I have heard enough about the NSA Call Record Analysis program reported by USA Today, and have finally decided to dig into it some more myself. (Is there a -gate meme for this one yet?)

Here's a snippet from the AT&T / SBC Privacy Policy:

We must disclose information, when requested, to comply with court orders or subpoenas. We will also share information when necessary to prevent unlawful use of communications services, when necessary to repair network outages, and when a customer dials 911 and information regarding their location is transmitted to a public safety agency.

Notice that second sentence that says "We will also share" ... the key word there is will. This continues as "information when necessary to prevent unlawful use of communications services." This is at AT&T's discretion. It could be easily argued that sharing this data is necessary to prevent unlawful use of communications services. What does this mean? This means that as a customer of AT&T, according to this policy, you have -*given*- AT&T permission to share the data. It says they will share information.

And if that's not enough, read the ruling in Smith v. Maryland 1979, US Supreme Court:

Held:

The installation and use of the pen register was not a "search" within the meaning of the Fourth Amendment, and hence no warrant was required. Pp. 739-746.

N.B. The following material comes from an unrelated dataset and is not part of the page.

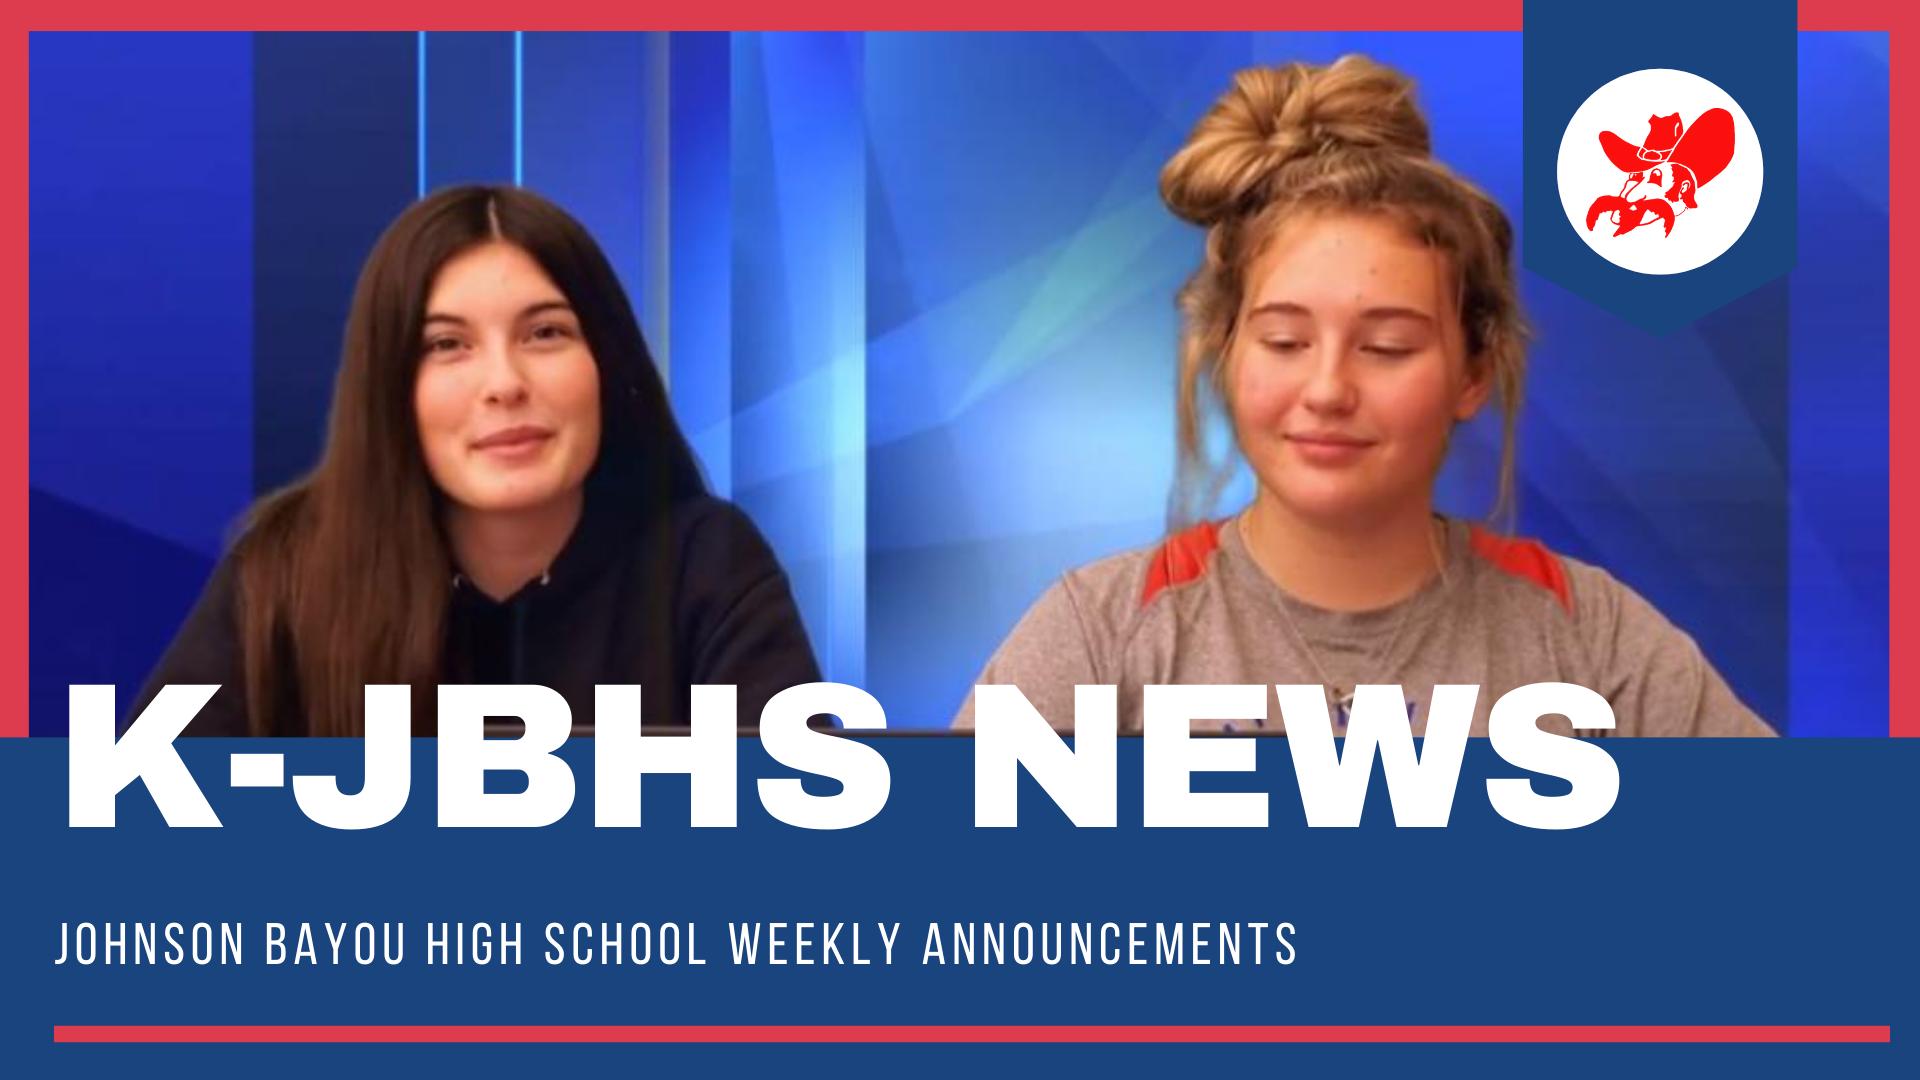 K-JBHS Headline

(a) Application of the Fourth Amendment depends on whether the person invoking its protection can claim a "legitimate expectation of privacy" that has been invaded by government action. This inquiry normally embraces two questions: first, whether the individual has exhibited an actual (subjective) expectation of privacy; and second, whether his expectation is one that society is prepared to recognize as "reasonable." Katz v. United States, 389 U.S. 347 . Pp. 739-741.

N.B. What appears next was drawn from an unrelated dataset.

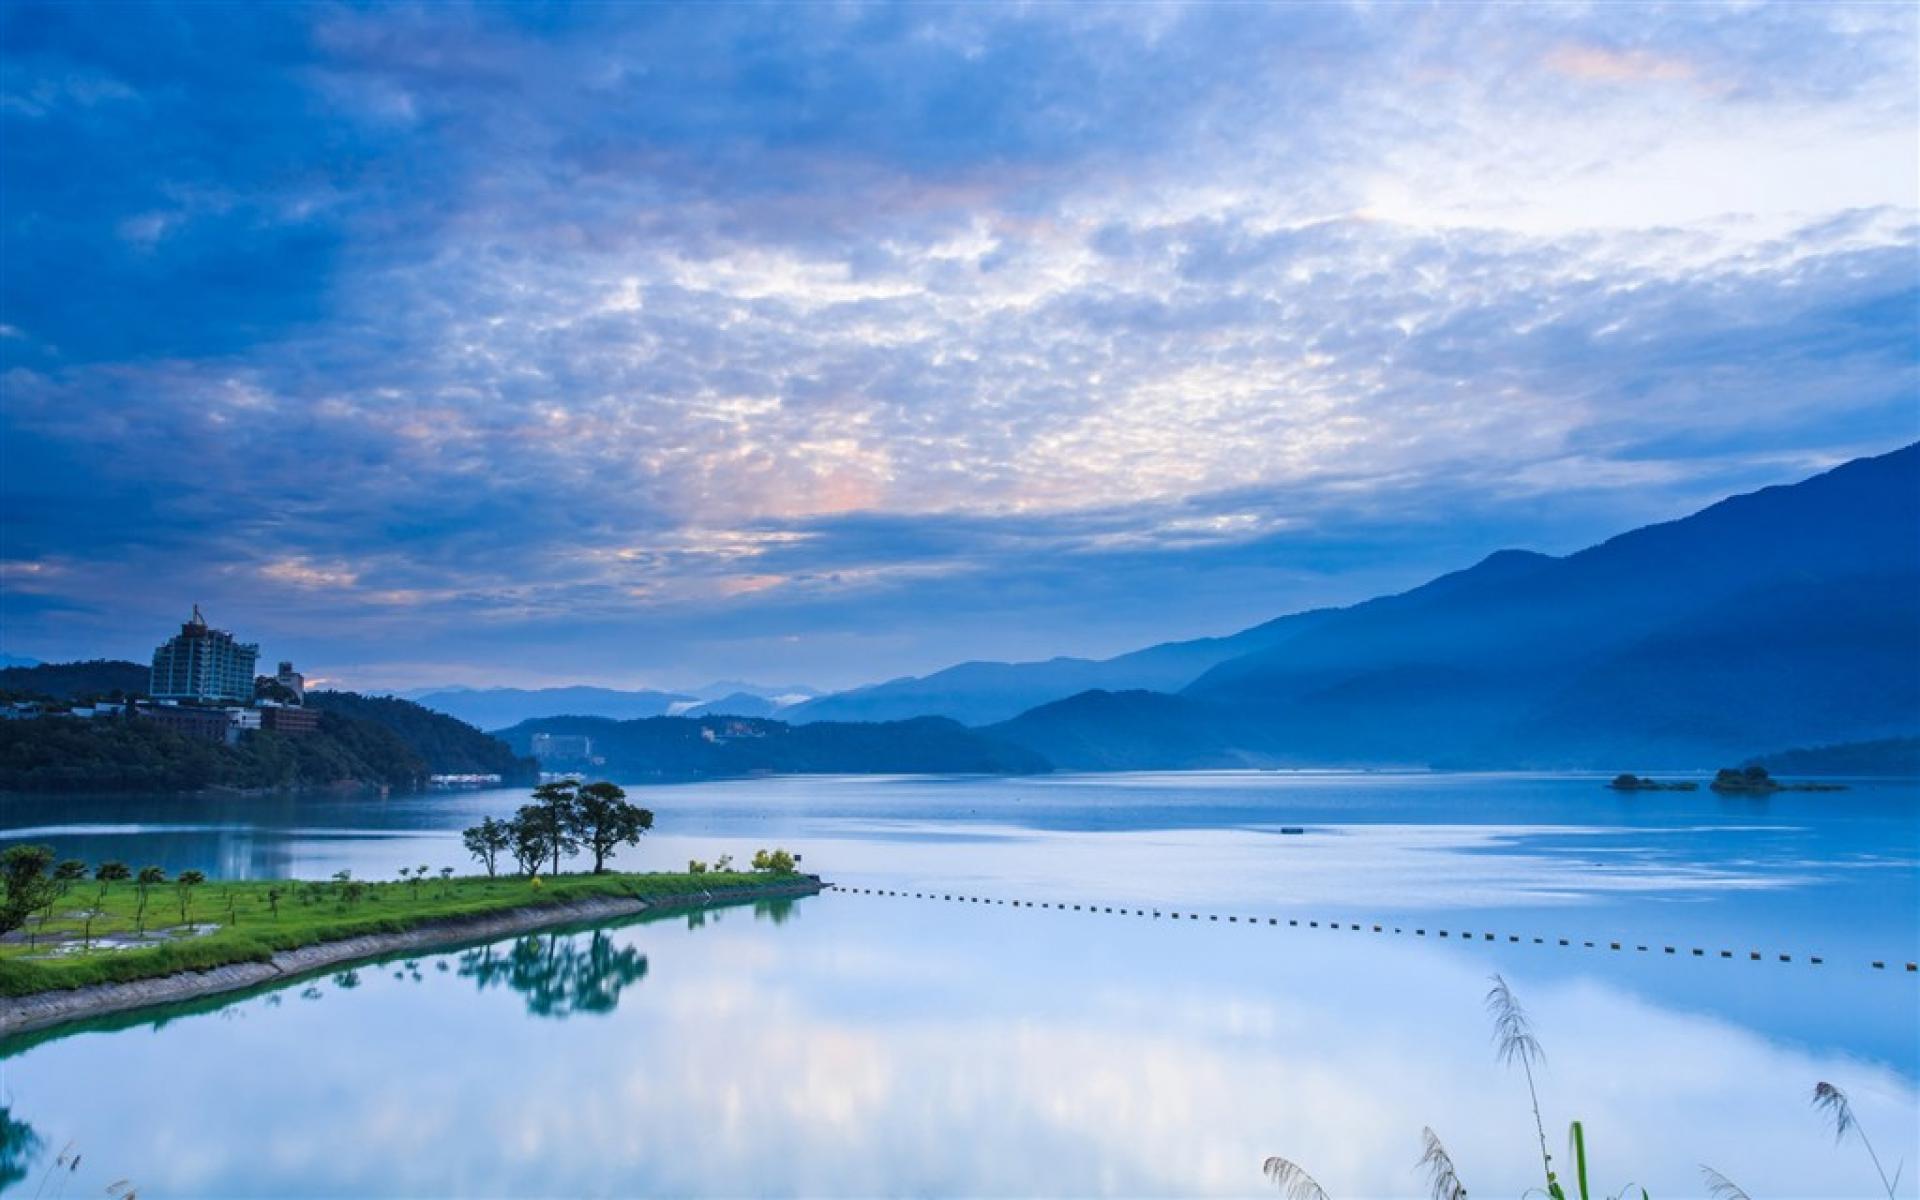 den-dai-loan-thuong-ngoan-ve-dep-tien-canh-cua-ho-nhat-nguyet-1505381422

(b) Petitioner in all probability entertained no actual expectation of privacy in the phone numbers he dialed, and even if he did, his expectation was not "legitimate." First, it is doubtful that telephone users in general have any expectation of privacy regarding the numbers they dial, since they typically know that they must convey phone numbers to the telephone company and that the company has facilities for recording this information and does in fact record it for various legitimate business purposes. And petitioner did not demonstrate an expectation of privacy merely by using his home phone rather than some other phone, since his conduct, although perhaps calculated to keep the contents of his conversation private, was not calculated to preserve the privacy of the number he dialed. Second, even if petitioner did harbor some subjective expectation of privacy, this expectation was not one that society is prepared to recognize as "reasonable." When petitioner voluntarily conveyed numerical information to the phone company and "exposed" that information to its equipment in the normal course of business, he assumed the risk that the company would reveal the information [442 U.S. 735, 736] to the police, cf. United States v. Miller, 425 U.S. 435 . Pp. 741-746.

Given the fact that the details of the NSA program leaked thus far contain -*less*- data than gathered in the case above, I don't see an argument against it's legality prevailing in a court of law.

Am I missing something here? This seems way too simple.